The aqueous phase was discarded, and the organic fraction was evaporated by vacuum. Dried extracts were dissolved in 1 mL methanol. Samples were filtered through a syringe filter tip on a vacuum manifold at a flow rate less than 1 mL min−1, and the eluate was evaporated at 358 °C under vacuum in a SpeedVac SC110 (Savant Instruments, Inc, NY, USA).

2.4 ABA quantification by liquid chromatography–electrospray ionization and EM mass spectrometry (LC–ESI–MS–MS)

Mass spectrometry analysis was performed on a quadruple tandem mass spectrometer (MS–MS, Quattro Ultima; Micromass, Manchester, UK) outfitted with an electrospray ion source (ESI). A mixture containing all unlabelled compounds and internal standards was separated by reversed-phase high-performance liquid chromatography (HPLC) and analyzed by tandem mass spectrometry with single ion recording (SIR) to determine retention times for all compounds. The spectrometer software MassLynxe v. 4.1 (Micromass) was used. The response was calculated as product ion peak area × (IS concentration/IS product ion peak area), where IS concentration is the known amount of the internal standard added.
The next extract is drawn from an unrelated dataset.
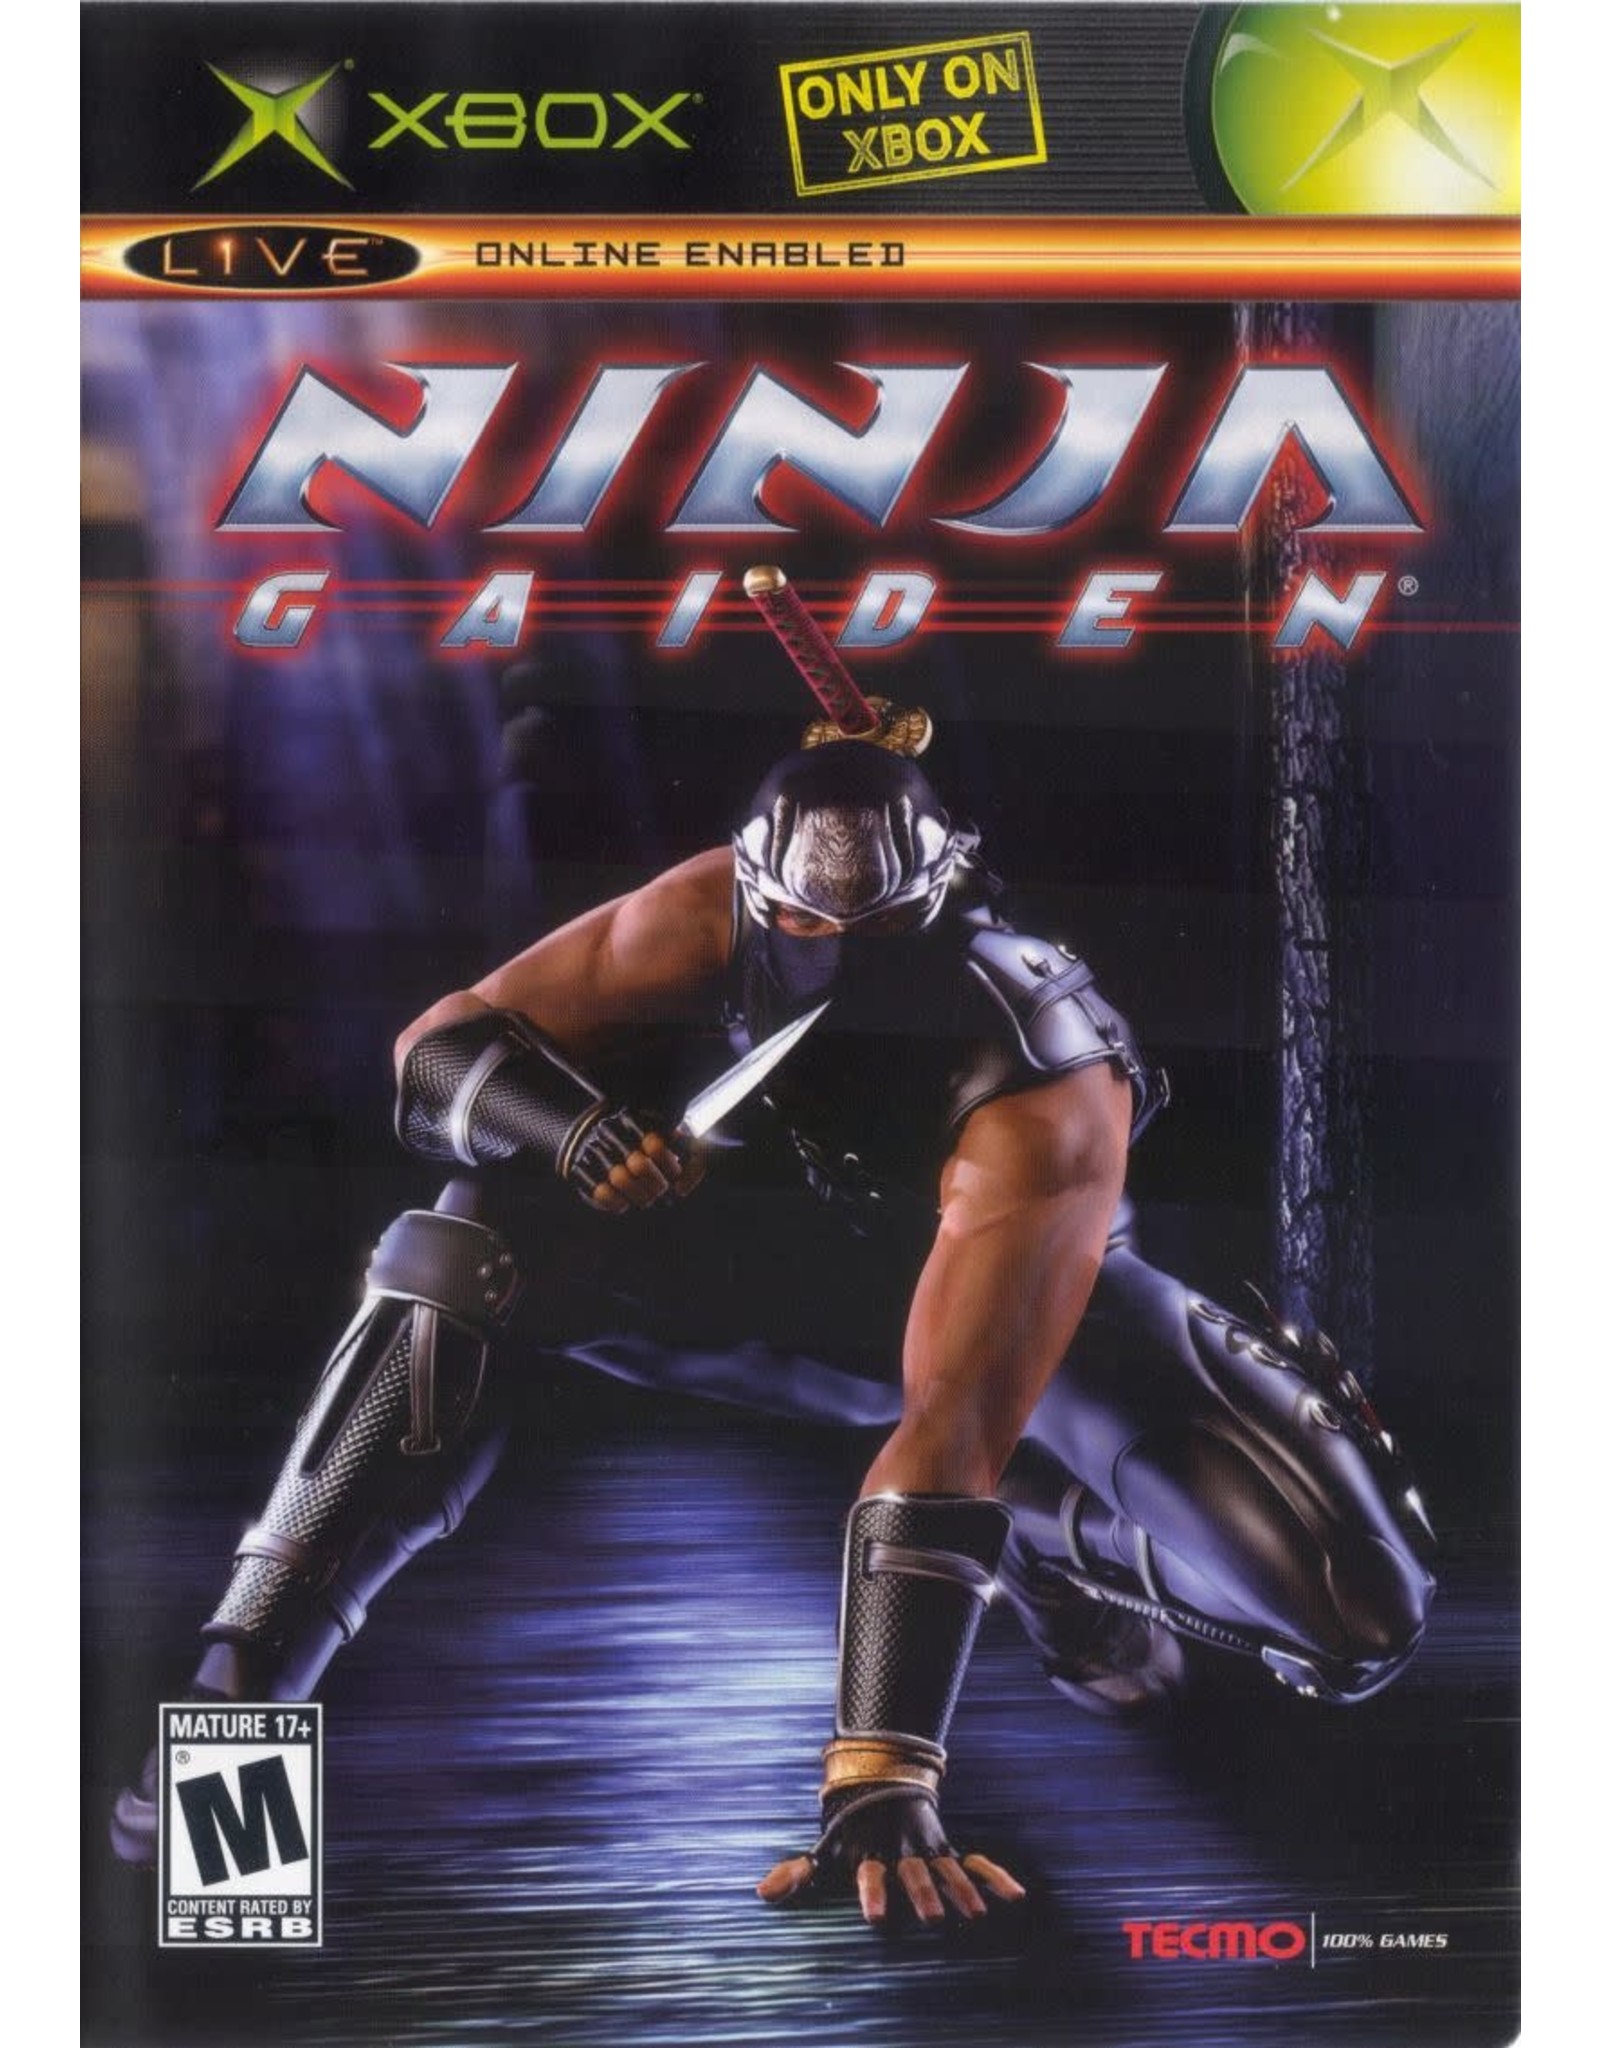 Xbox Ninja Gaiden (No Manual)

HPLC was used to separate ABA extracted from honey bees. An Alliance 2695 separation module (Waters, Milford, MA, USA) equipped with a 100 × 2.1-mm, 3-μm RESTEK C18 column was used to maintain performance of the analytical column. Fractions were separated using a gradient of increasing methanol concentrations, constant glacial acetic acid concentration 0.2 % (v/v) in water and initial flow rate 0.2 mL min−1. The gradient was increased linearly from 40 % (v/v) methanol–60 % (v/v) water–acetic acid at 25 min to 80 % (v/v) methanol–20 % (v/v) water–acetic acid. After 1 min, initial conditions were restored, and the system was allowed to equilibrate for 7 min. The monitoring reaction multiple mode was used for determination of ABA. This compound was monitored at m/z transitions of 263/153 with retention time of 9.6. The collision energy used was 15 eV (electron volts). The cone voltage was 35 V (see Supplemental Figure 4).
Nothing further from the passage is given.